Роуз позавтракала рано утром и распрощалась со своими гостями, которые в должное время спустились вниз и выглядели спокойными нормальными людьми и для которых Аннушка особенно расстаралась с завтраком. Мокрый сад блестел под солнцем. Они помахали Роуз, но не успел еще затихнуть вдали шум ее машины, Джин не выдержала. Бросилась наверх и заперлась в своей спальне. Дункан слышал за дверью ее истерические рыдания. Временами стучался и звал ее. Он был терпелив. Сел на пол в коридоре и ждал. Аннушка принесла ему стул и чашку кофе. Так он сидел, слушая плач Джин, и на него сошло нечто вроде покорного спокойствия. Он предпочел бы остаться на полу, но из уважения к Аннушкиной заботе пересел на стул.

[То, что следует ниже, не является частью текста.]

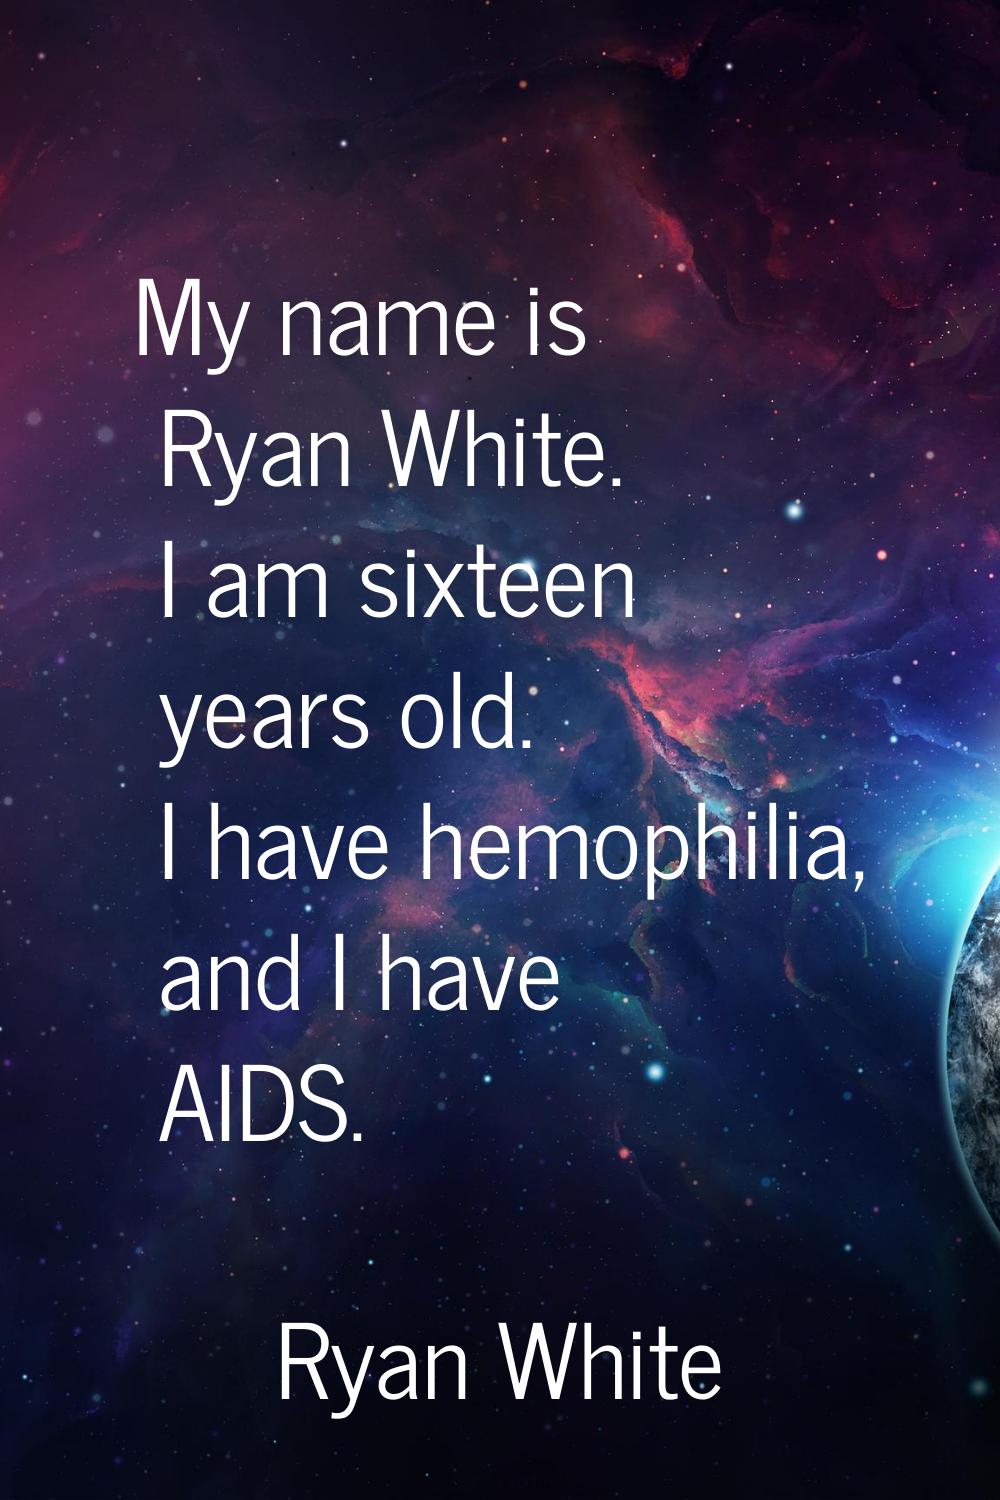 My name is Ryan White. I am sixteen years old. I have hemophilia, and I have AIDS.

Наконец дверь открылась. Джин отперла ее, бросилась обратно на кровать и лежала, плача уже потише. Дункан оглядел знакомую комнату, где в камине ярко пылали дрова. Заметил снятую картину и светлый прямоугольник на обоях, на что вчера едва обратил внимание. Поднял восьмиугольный столик, переложил книги с него на пол, поставил его к одному из окон и придвинул к нему стулья. Затем подошел к кровати, взял ее за руки, поставил на ноги и подвел к столику. Они сели вполоборота друг к другу и окну, в котором виднелись залитые солнцем холмы и вдалеке дома деревни и церковная колокольня. Как только Дункан взял ее за руки, Джин перестала плакать и теперь сидела, положив руки ладонями вниз на столик. Губы полуоткрыты, лицо мокрое от слез, волосы в беспорядке, глаза устремлены в окно. На ней по-прежнему было твидовое платье Роуз, но сейчас без пояска. Дункан некоторое время молча смотрел на неё. Потом достал платок, потянулся и заботливо утер ей лицо. Придвинул стул ближе и стал гладить ее кисти, руки, отведя назад свободные рукава платья, потом провел по волосам, причесывая пальцами. Джин, опустив голову, тихо вздыхала под ритмичные движения его большой тяжелой ладони.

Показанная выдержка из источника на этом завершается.